**Data below**.
● ● ● ●

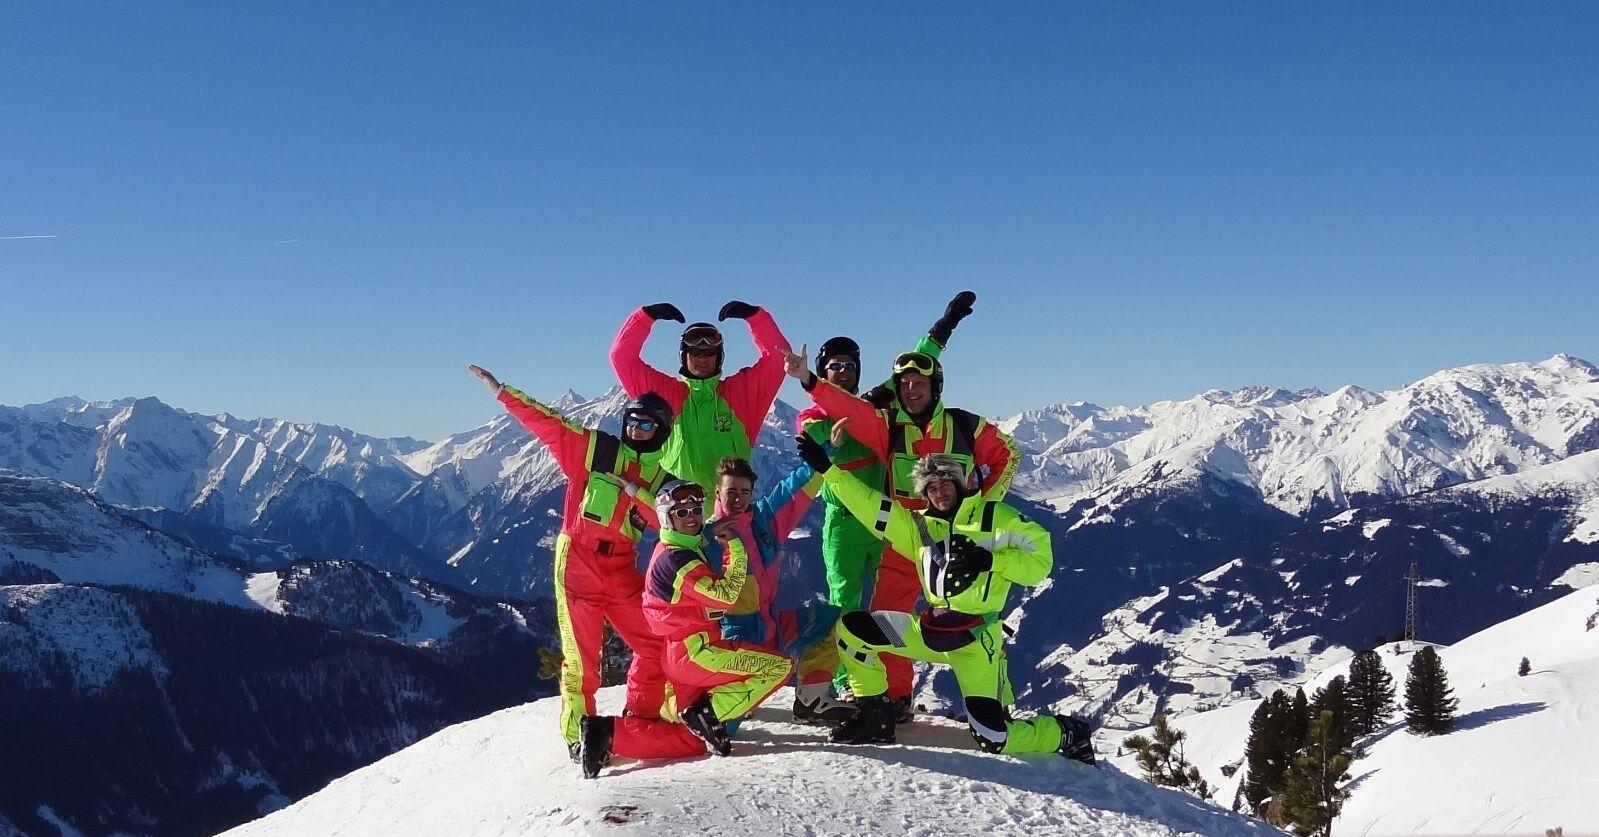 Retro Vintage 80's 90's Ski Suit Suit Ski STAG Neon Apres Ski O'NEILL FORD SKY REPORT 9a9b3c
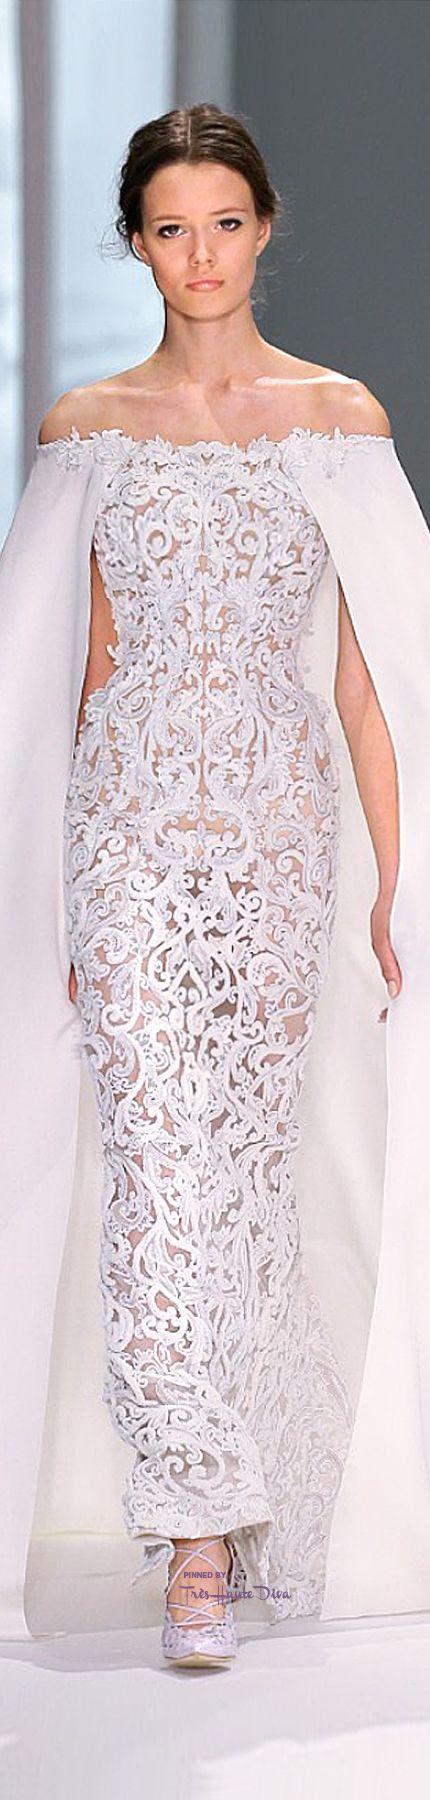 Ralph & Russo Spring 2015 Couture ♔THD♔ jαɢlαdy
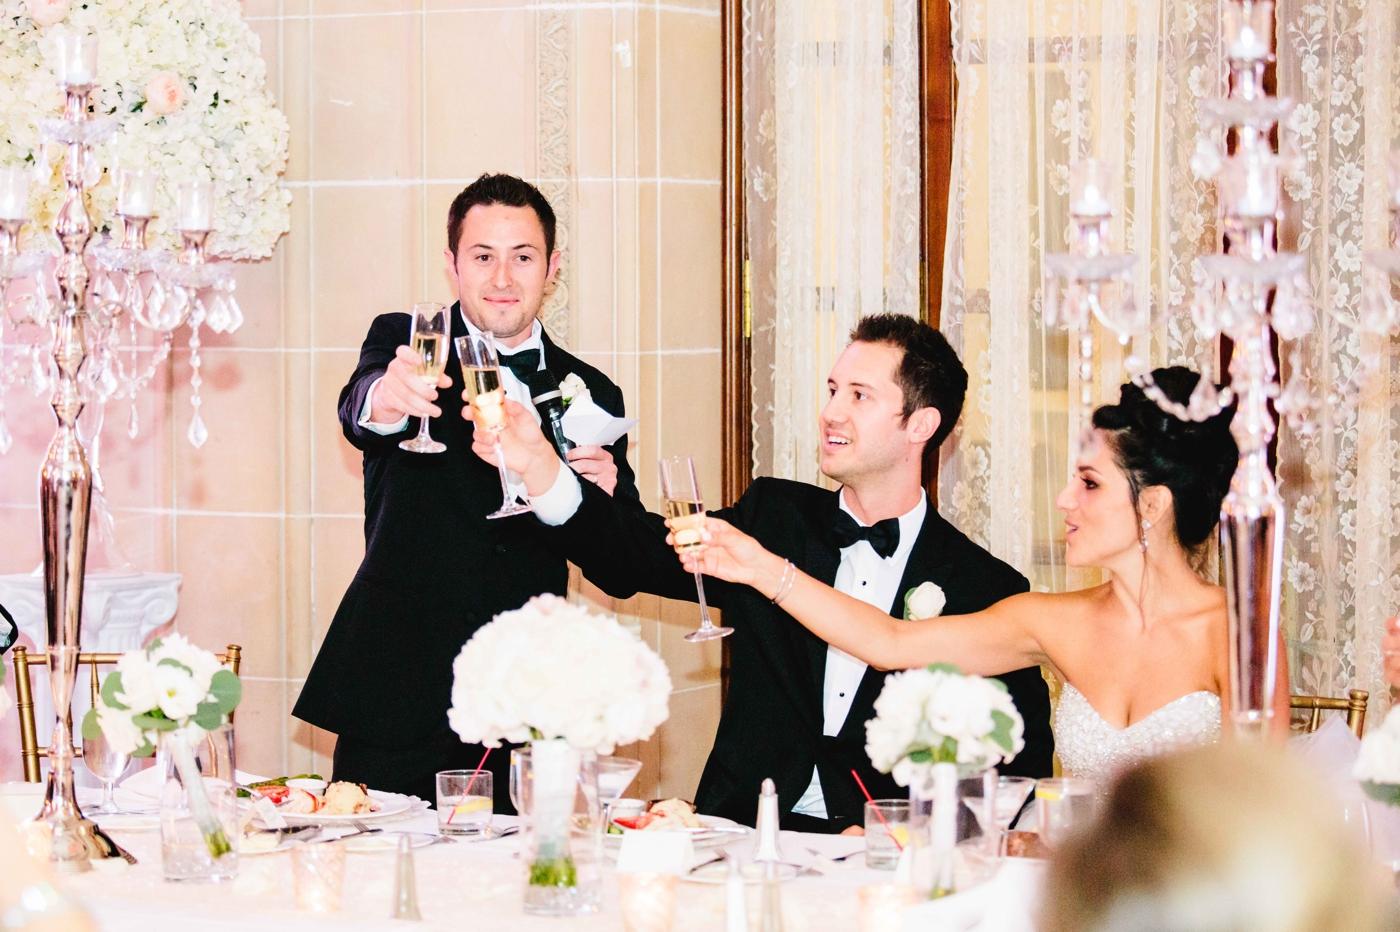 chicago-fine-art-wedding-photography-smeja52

● ● ● ●

**Directions**. For this exercise, restate the material exactly and skip every picture.

**Task result**.
 Retro Vintage 80's 90's Ski Suit Suit Ski STAG Neon Apres Ski O'NEILL FORD SKY REPORT 9a9b3c
 Ralph & Russo Spring 2015 Couture ♔THD♔ jαɢlαdy
 chicago-fine-art-wedding-photography-smeja52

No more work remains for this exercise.